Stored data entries
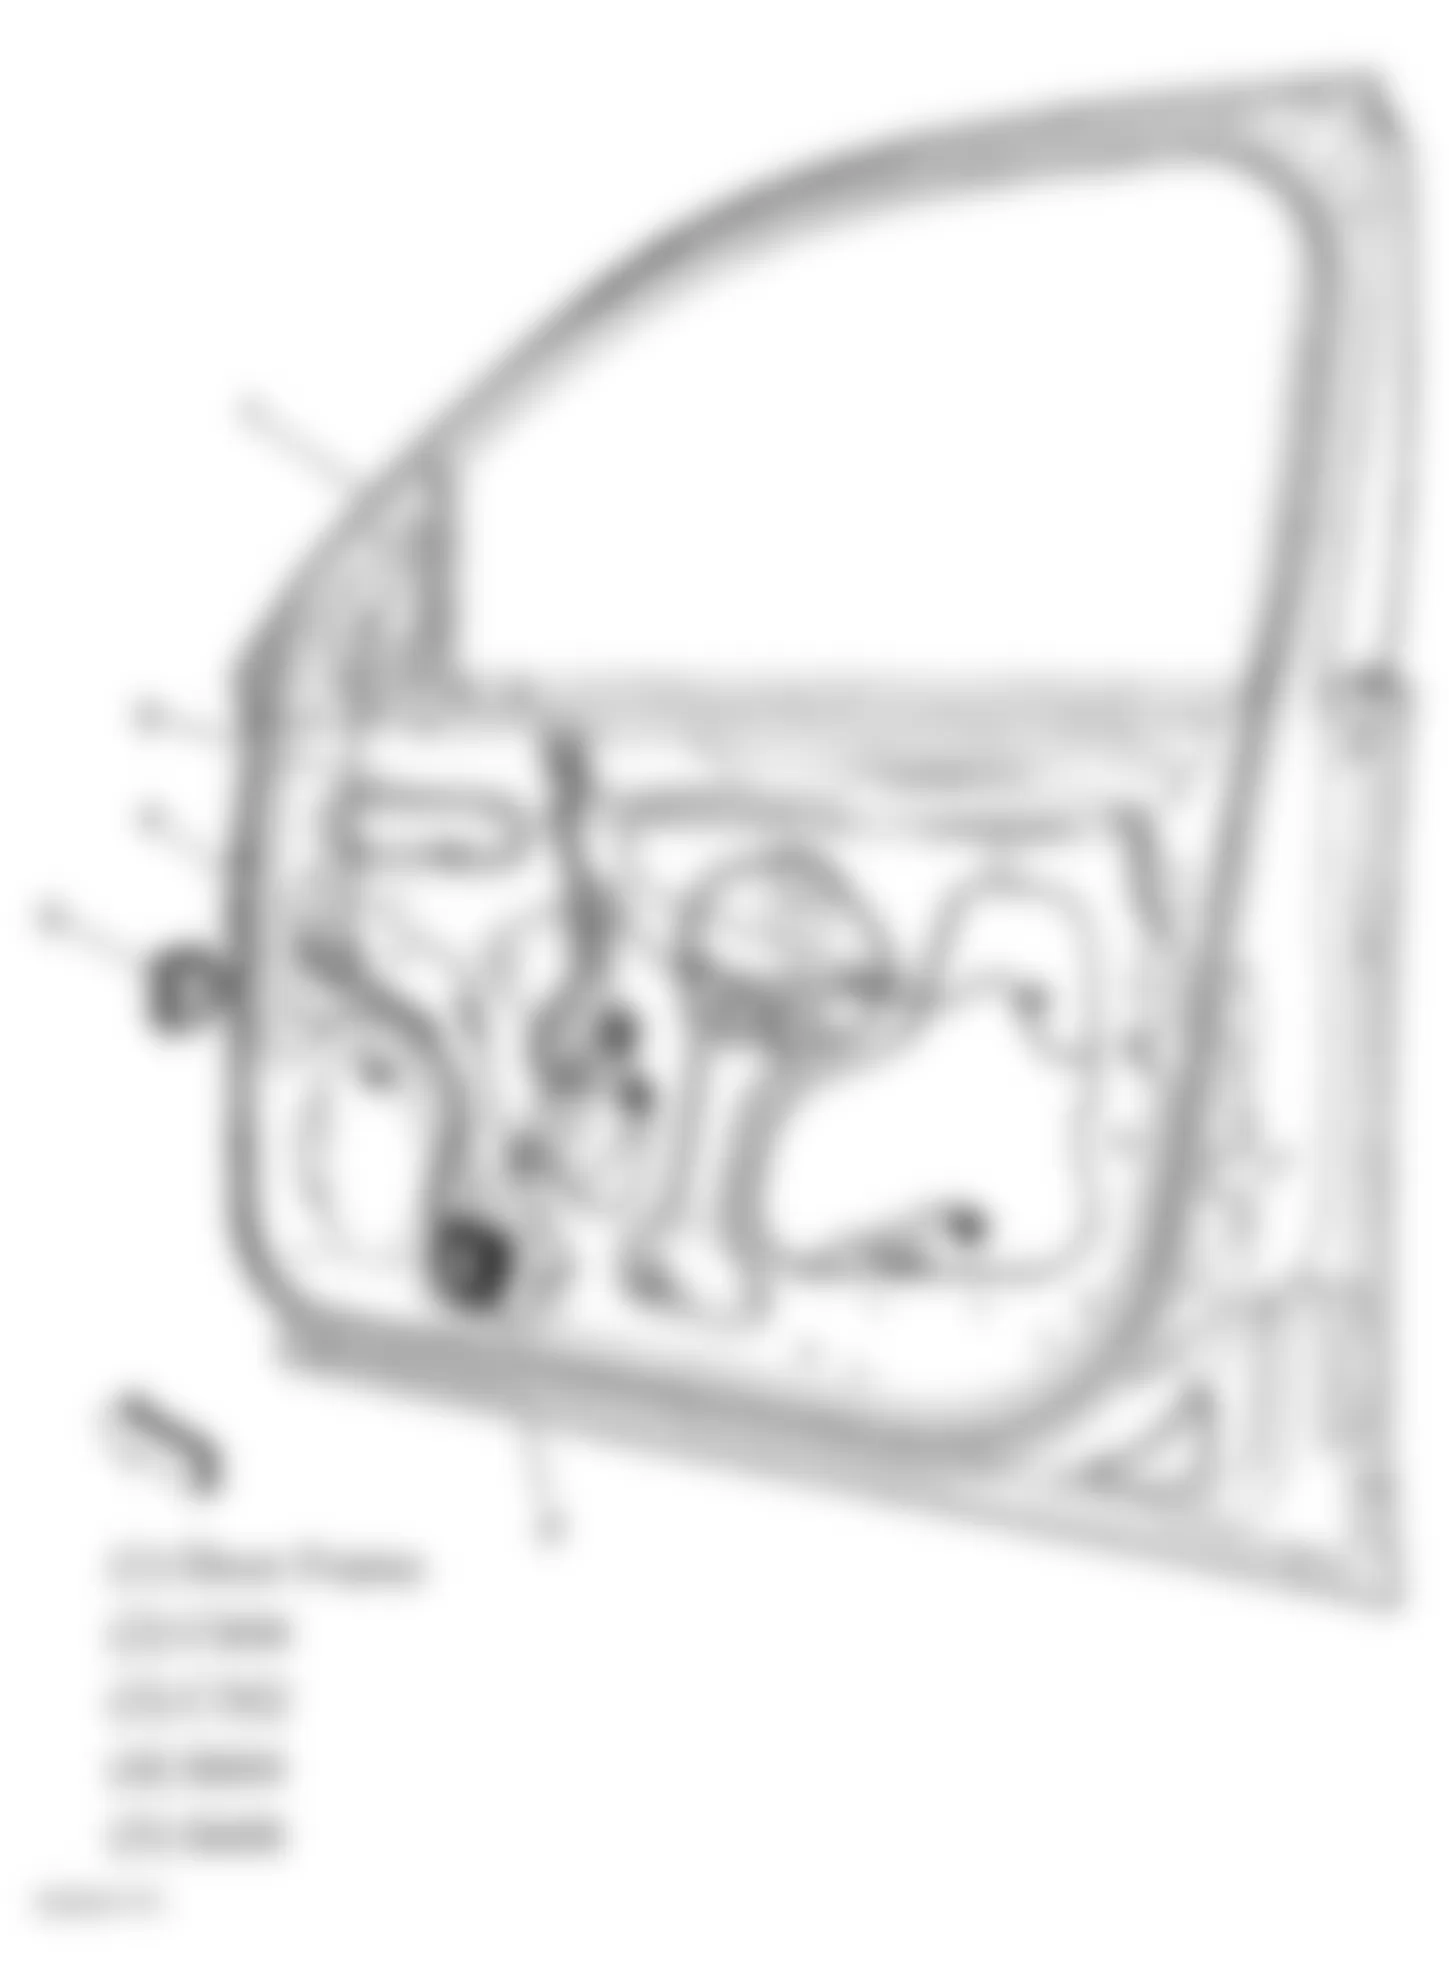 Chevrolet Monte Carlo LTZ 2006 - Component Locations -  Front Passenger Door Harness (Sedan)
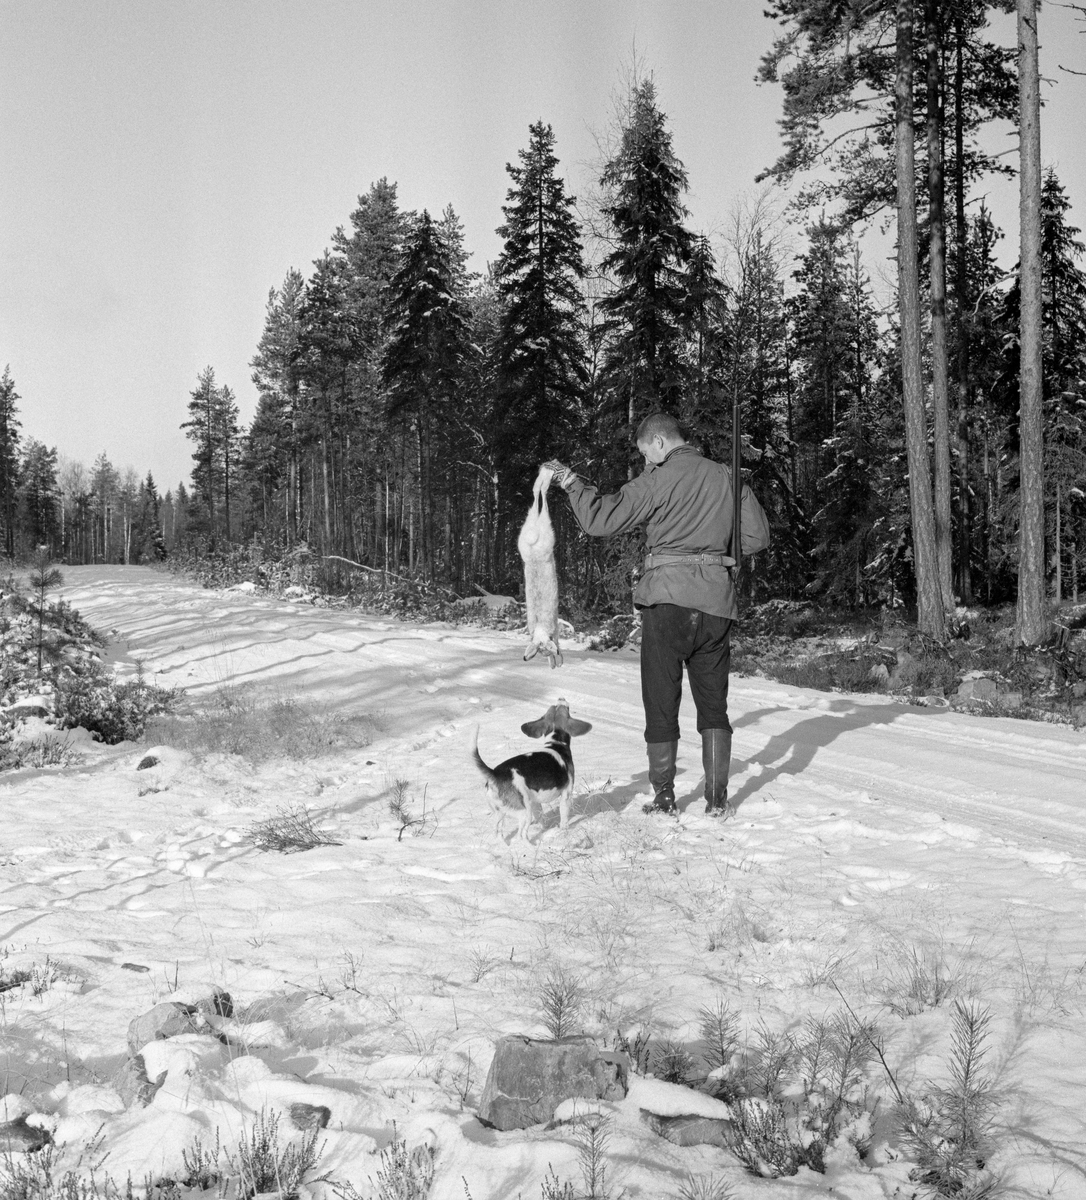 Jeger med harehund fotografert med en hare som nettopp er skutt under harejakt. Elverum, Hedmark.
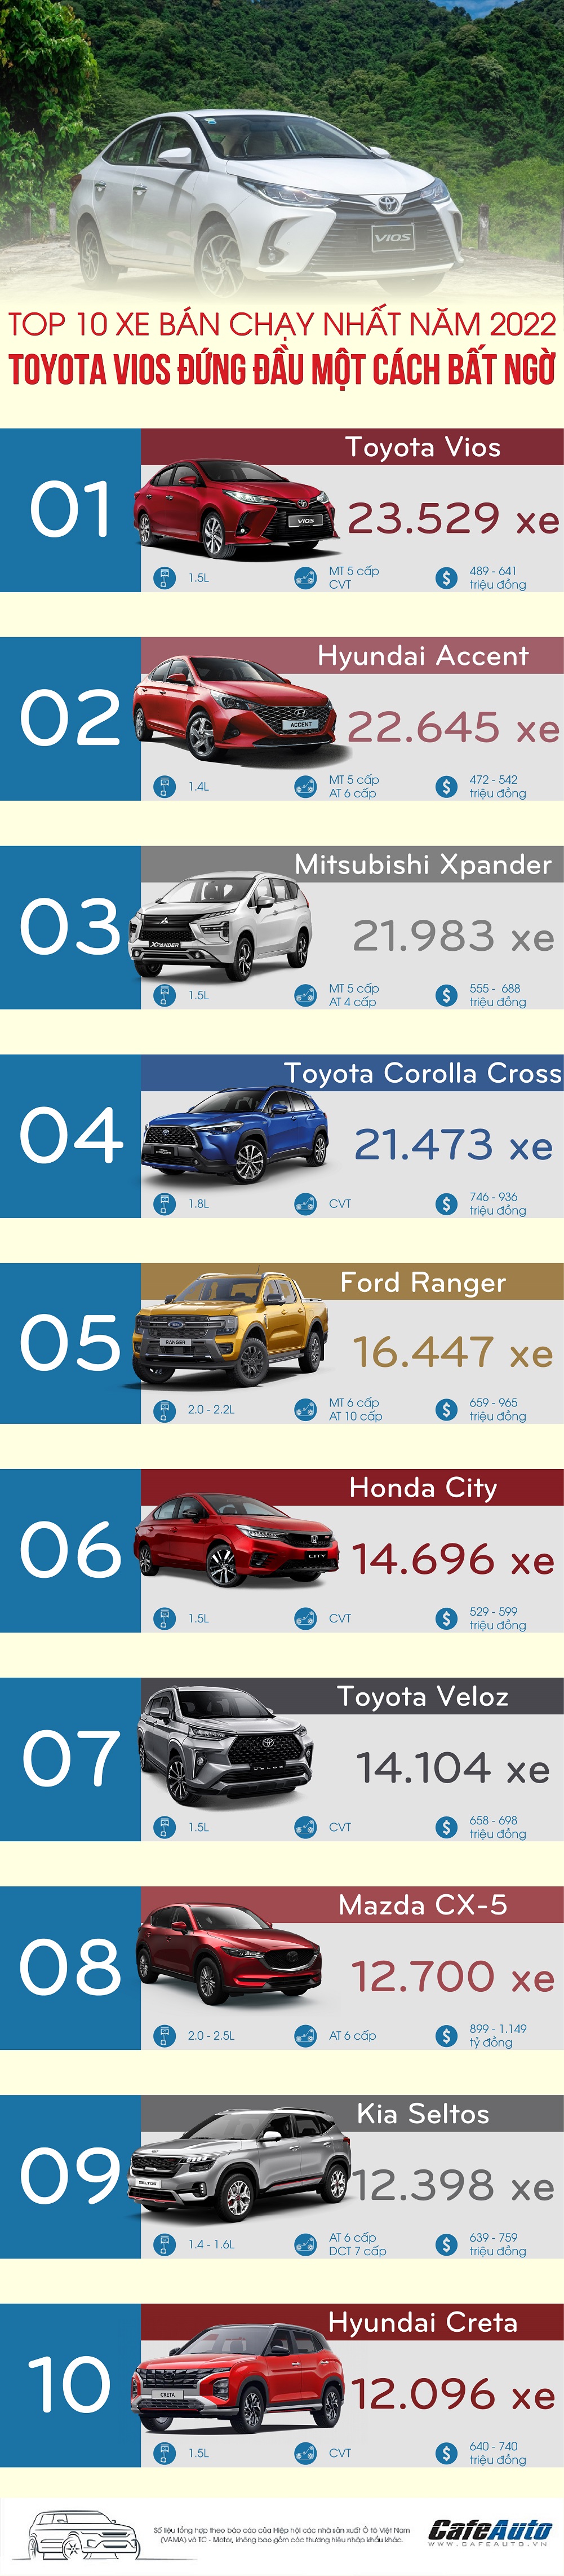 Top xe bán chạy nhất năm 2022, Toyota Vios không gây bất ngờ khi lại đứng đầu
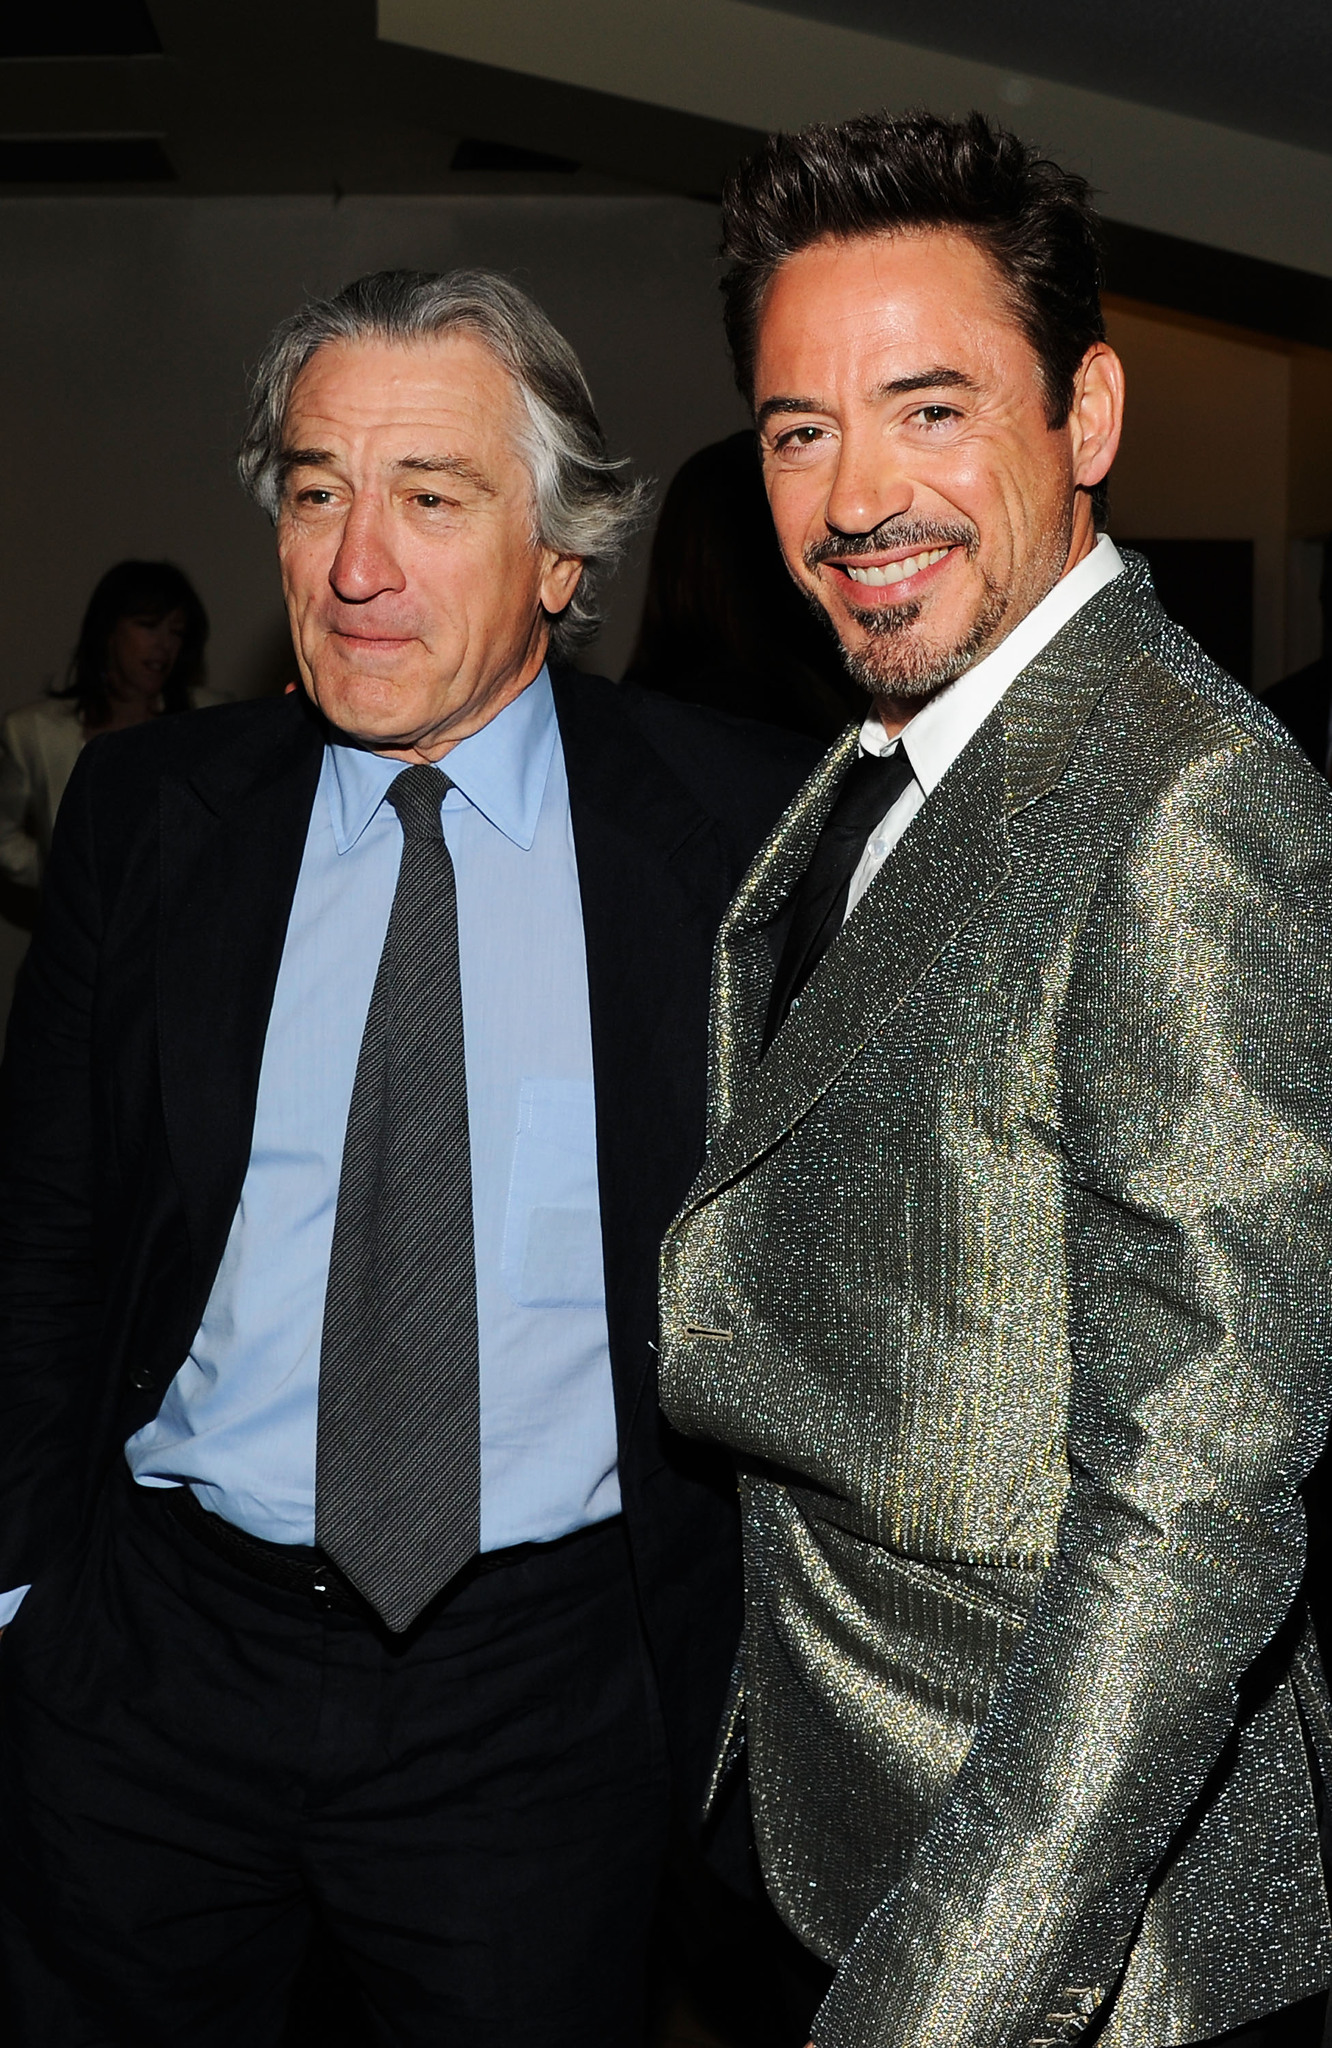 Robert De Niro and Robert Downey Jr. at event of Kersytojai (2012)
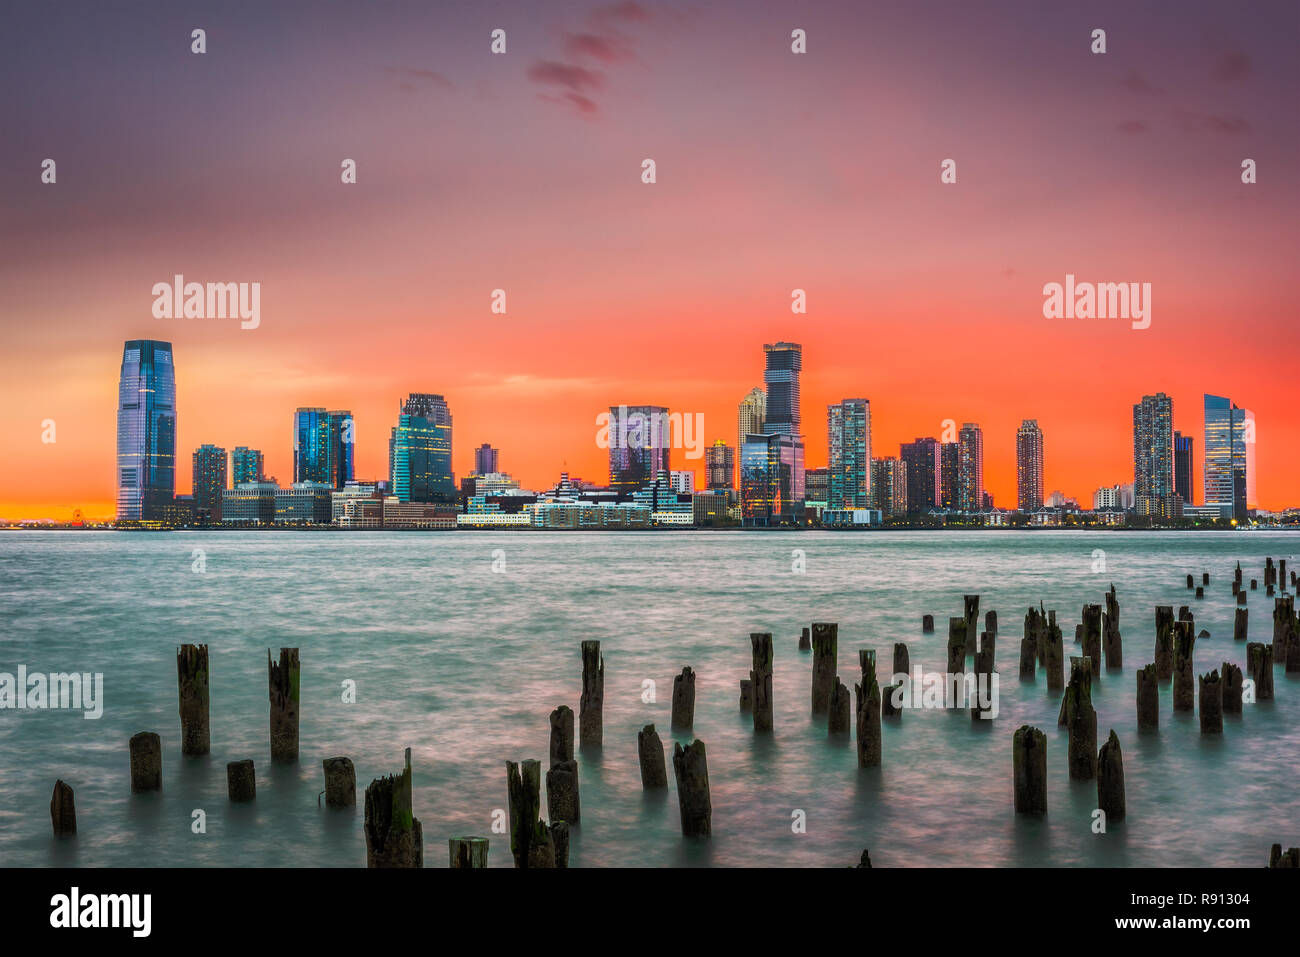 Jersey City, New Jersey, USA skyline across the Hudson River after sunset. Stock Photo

Activity:
Only exact duplicates of the lines from the one containing "Jeger med harehund" through the final line of the entries, both included, are needed, with pictures left out.

Task response:
 Jeger med harehund fotografert med en hare som nettopp er skutt under harejakt. Elverum, Hedmark.
 Top xe bán chạy nhất năm 2022, Toyota Vios không gây bất ngờ khi lại đứng đầu
 Robert De Niro and Robert Downey Jr. at event of Kersytojai (2012)
 Jersey City, New Jersey, USA skyline across the Hudson River after sunset. Stock Photo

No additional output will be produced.